What might be going on? I suspect LTC spend down is as much a myth in England as it is in the United States. Regardless of what the laws and regulations seem to say, if the reality is that most people get the government to pay for their LTC after the insurable event occurs, as we've demonstrated in dozens of studies is true here in the USA, then private LTC insurance is severely handicapped.
But let's say LTC spend down actually occurs in England as reported. No one gets any help from the government until they've spent down all their assets, including home equity, to the level of $37,000. Shouldn't there be a thriving private LTC insurance market there? Maybe not. The British are so steeped in expectations of free health care, much like our public assumes Medicare pays for LTC, that they probably don't worry about long-term care until they need it.
Only a relatively small number of people actually end up requiring catastrophically expensive institutional care for long enough to devastate their finances. The poor get full coverage and the rich cover their own care without much strain. So, although this is a perfect problem for insurance to solve, with relatively few people actually devastated financially, private insurance has a hard time getting traction.

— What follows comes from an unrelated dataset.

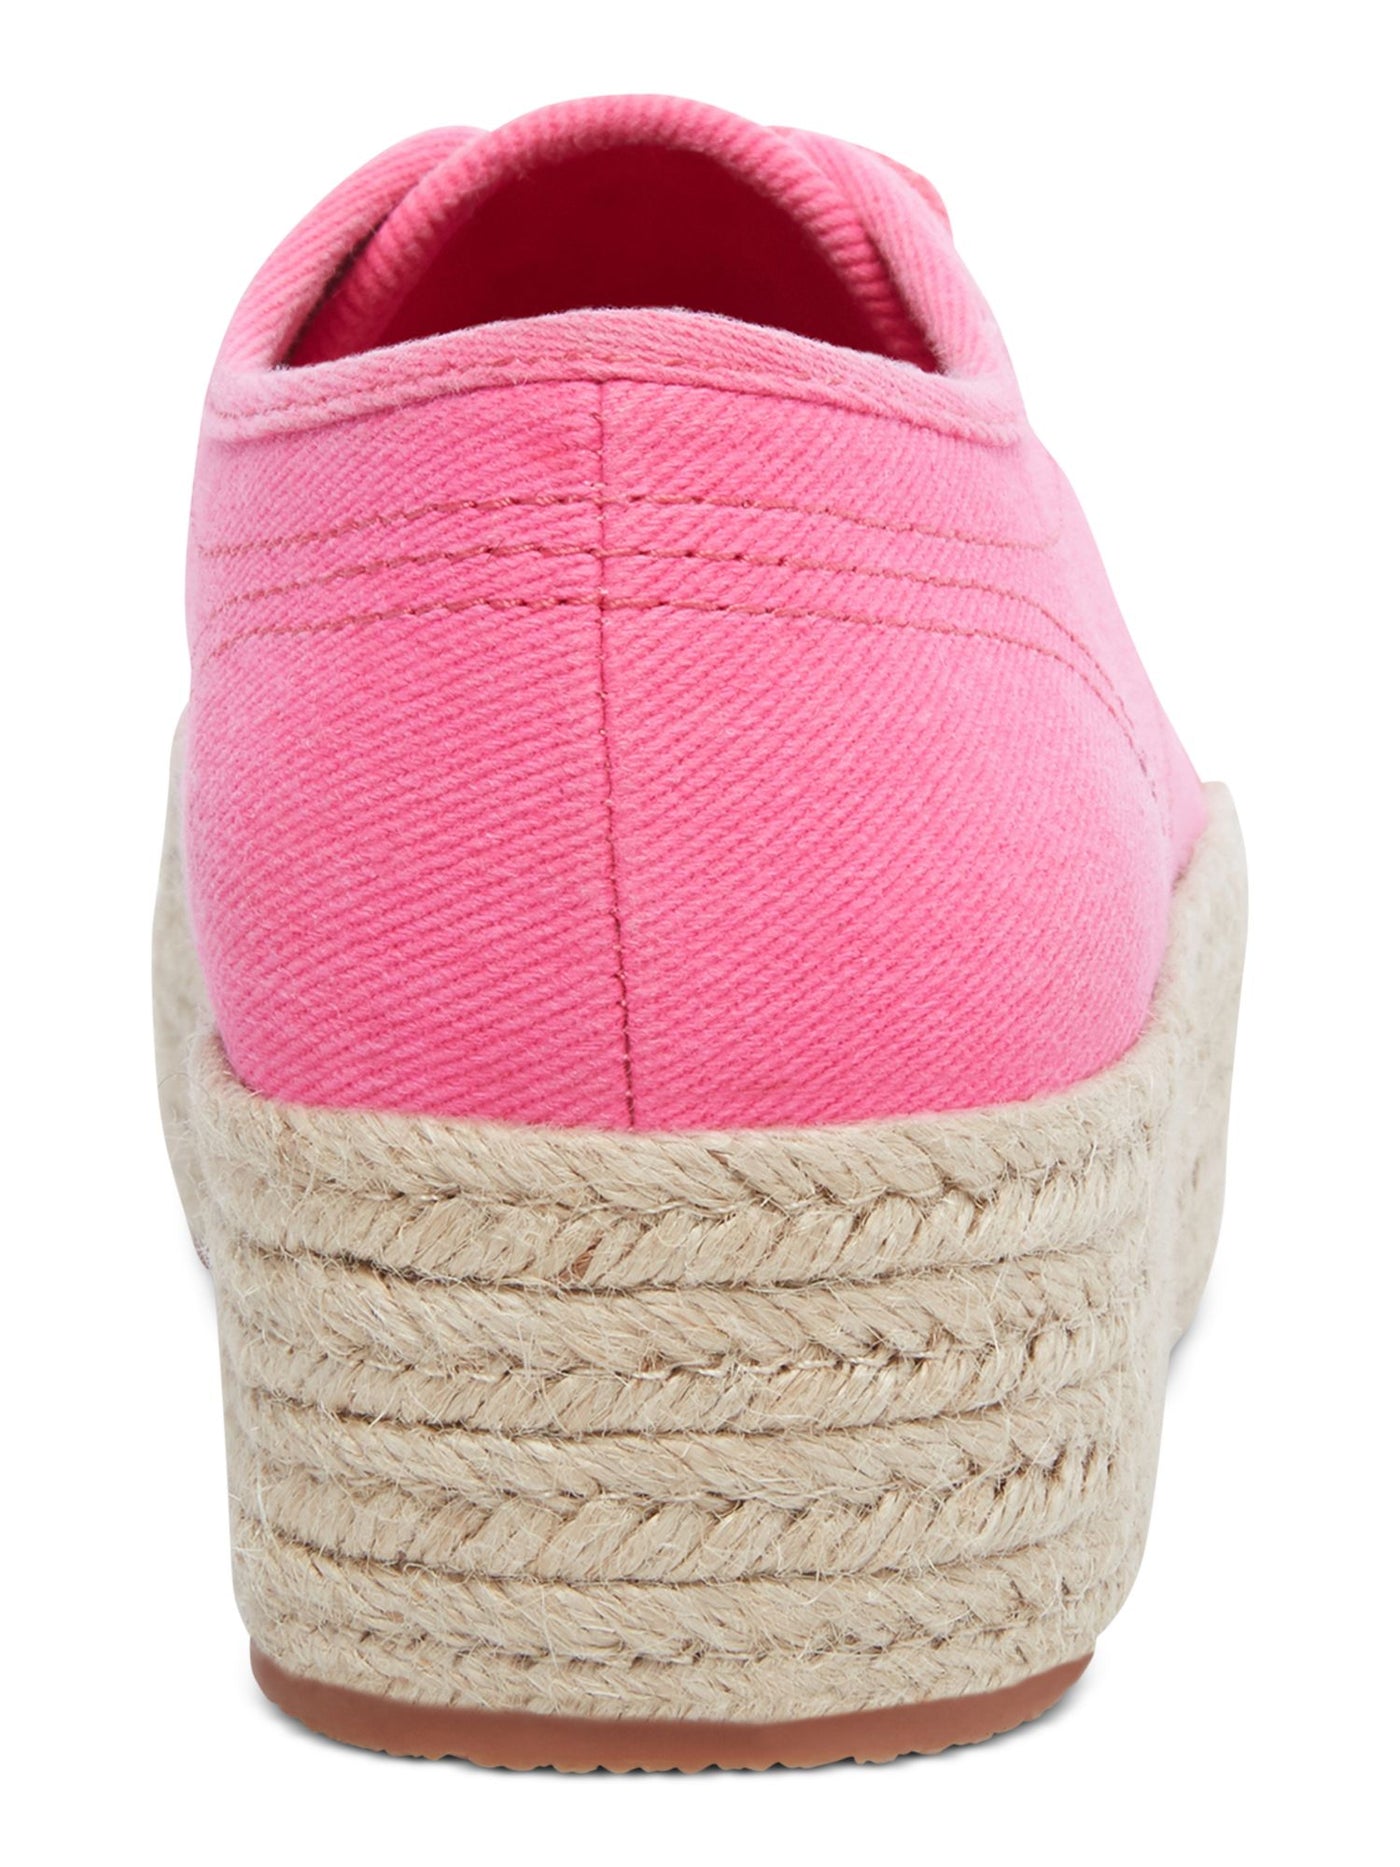 WILD PAIR Womens Pink Espadrille Cushioned Sofeya Round Toe Platform Lace-Up Athletic Sneakers Shoes 9.5 M

So, what's a sensible solution? It's pretty obvious, reduce public LTC dependency and cost by targeting scarce government resources to those most in need while incentivizing everyone else to plan early and save, invest or insure for long-term care. Make sure there are no ways to escape personal responsibility for LTC. Let home owners pay for in-home care with reverse mortgages. Let them pay for institutional care by sale of the home or through estate recovery. If heirs want to preserve their inheritances, let them find ways to pay for their parents LTC. Such policies would take the financial burden off government and transfer it to individuals, families, and inheritors where it belongs and where it provides a strong incentive to prepare responsibly for LTC.

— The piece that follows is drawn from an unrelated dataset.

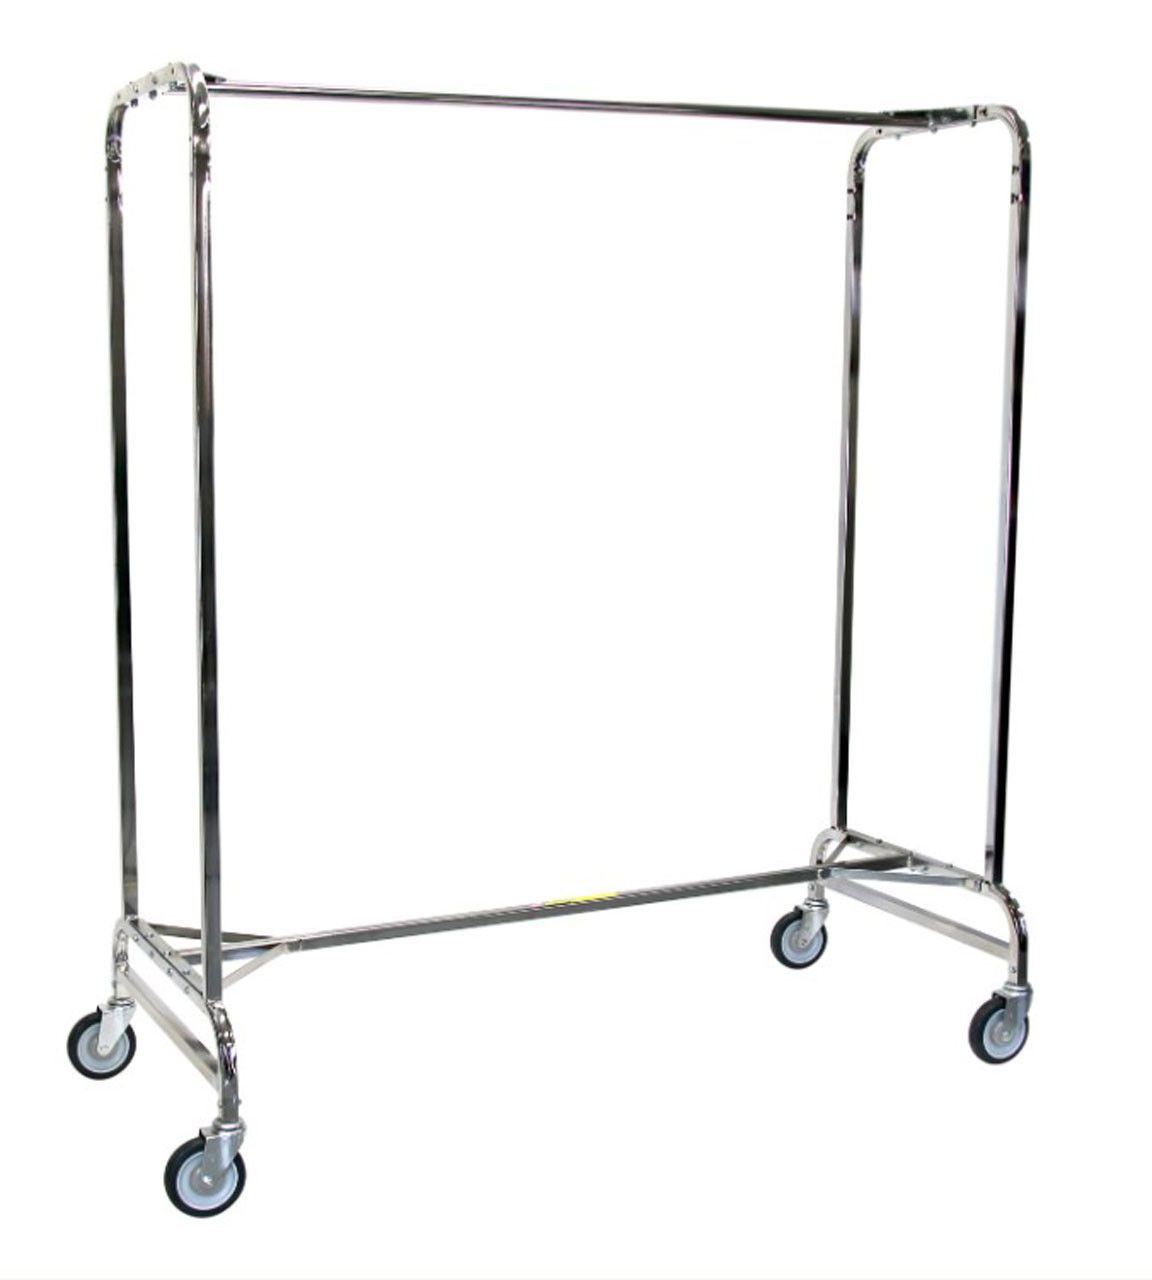 What is the weight capacity of the Heavy Duty Garment Rack?

Is that what the Brits are doing? No. Nor is it what the Dilnot report recommends. Dilnot proposes a "solution." But like the "LTC Compact" that Medicaid planners in New York suggested, it recommends transferring even more of the risk of LTC spending onto the government. [See our report titled "The New York Long-Term Care Compact Proposal: Update, Analysis and Recommendations.] As The Economist article suggests, government LTC costs are high and growing already even as the elderly population is poised to explode.
Dilnot suggests, as did the "LTC Compact" proposal, that limiting LTC liability of the public to a set amount ($56,000 in England; up to $300,000 in New York) would encourage the insurance industry to provide coverage for liability above that amount. But here's the problem? If you can't get people to buy private LTCI at the relatively high levels of liability supposedly effective now, how will reducing that liability encourage more people to insure privately? Answer: it won't. Even more of the cost of LTC will fall on government under such as system than now. Collapse of the publicly financed system will occur even sooner.

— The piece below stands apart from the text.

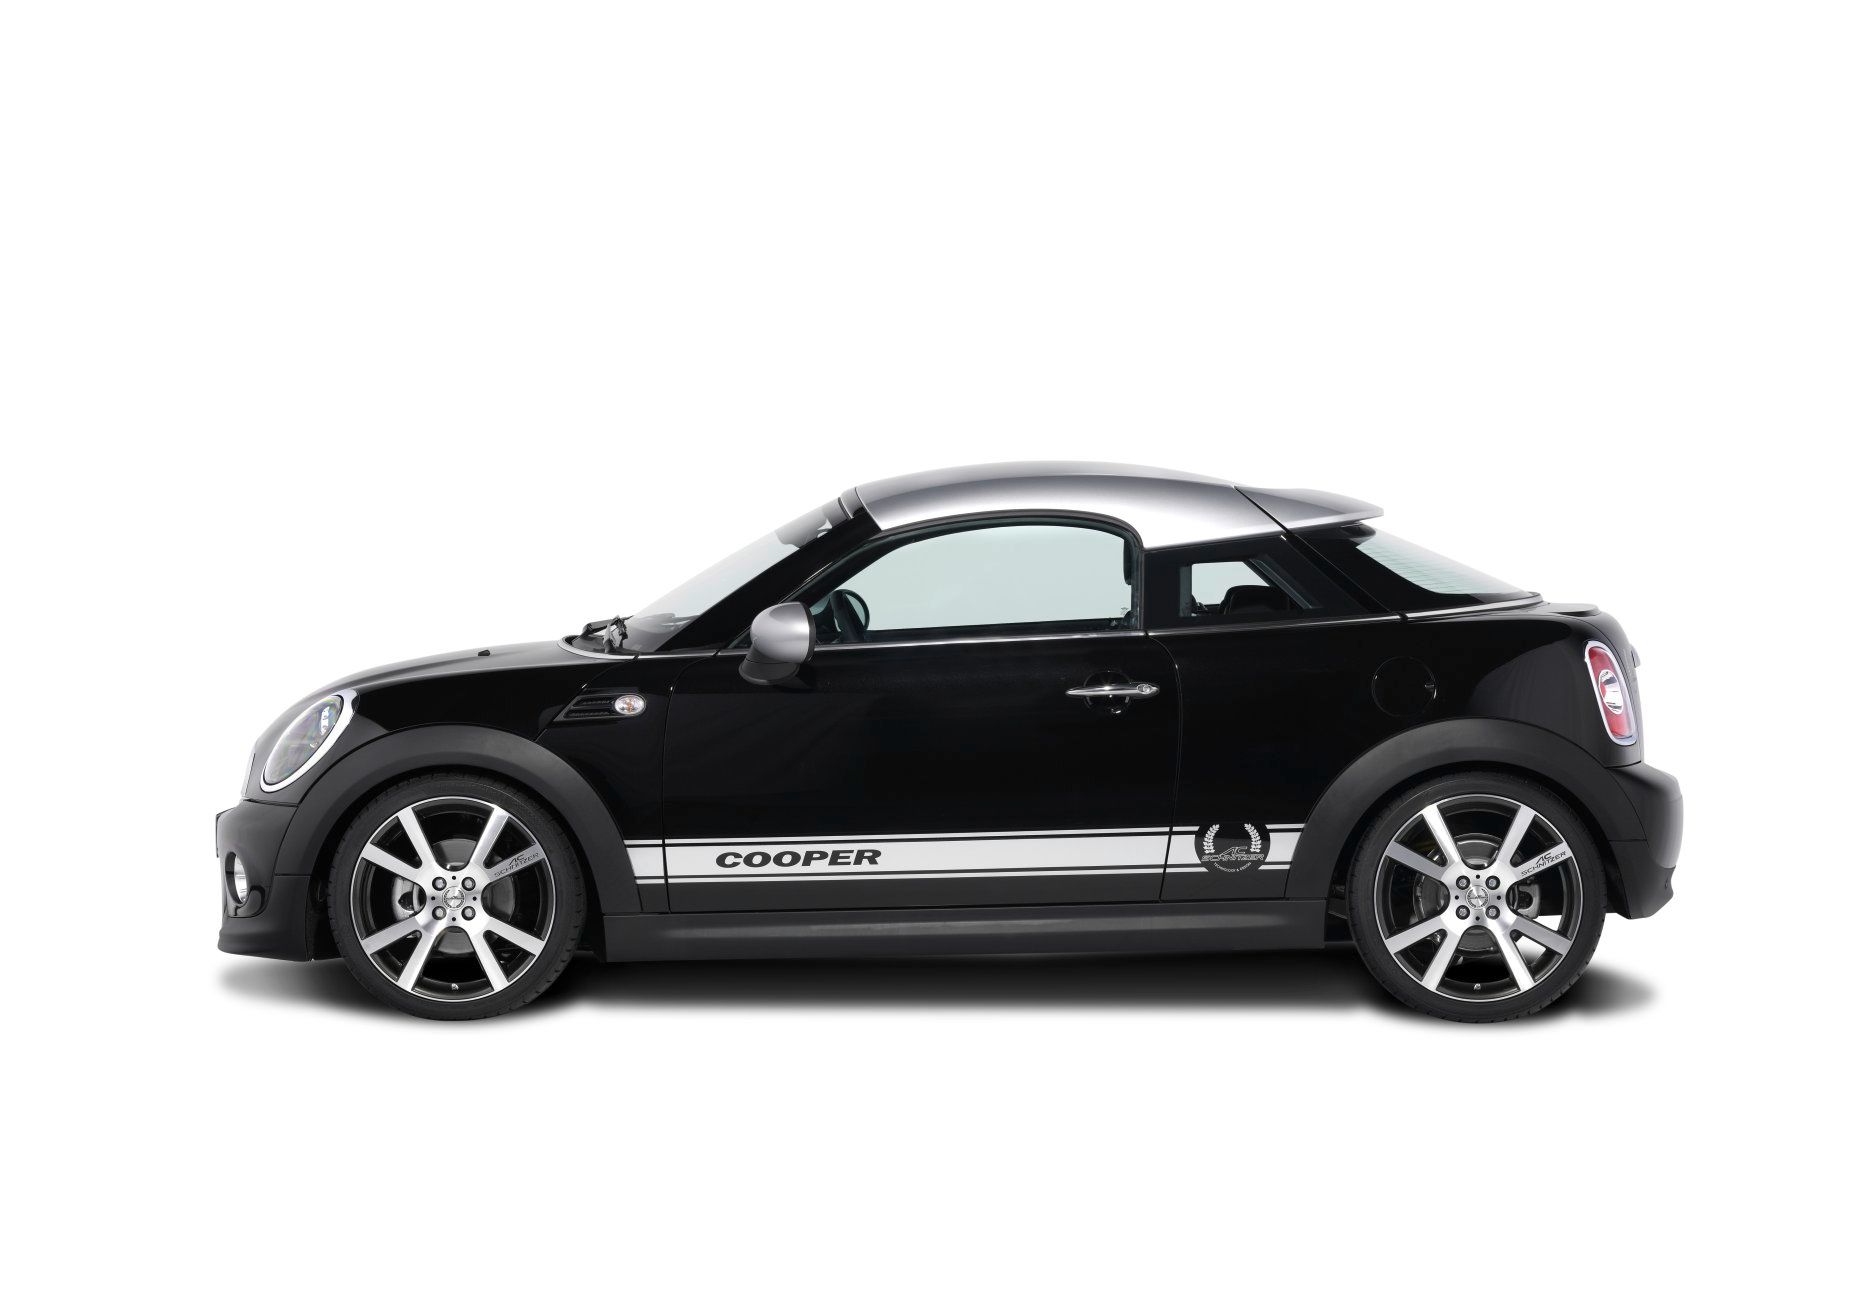 2012 MINI Coupe by AC Schnitzer

Someone needs to look at the system in England with an unbiased eye. What is really going on there? How much private money is actually spent for LTC? What private insurance options are available? If LTC is such a huge risk and cost, why don't people plan ahead? Why is the government overwhelmed even under the current, ostensibly strict spend-down system? How might private insurance help solve the LTC financing problem there? Maybe I'll tackle these questions next year, after we confront the same questions in Washington, DC this fall.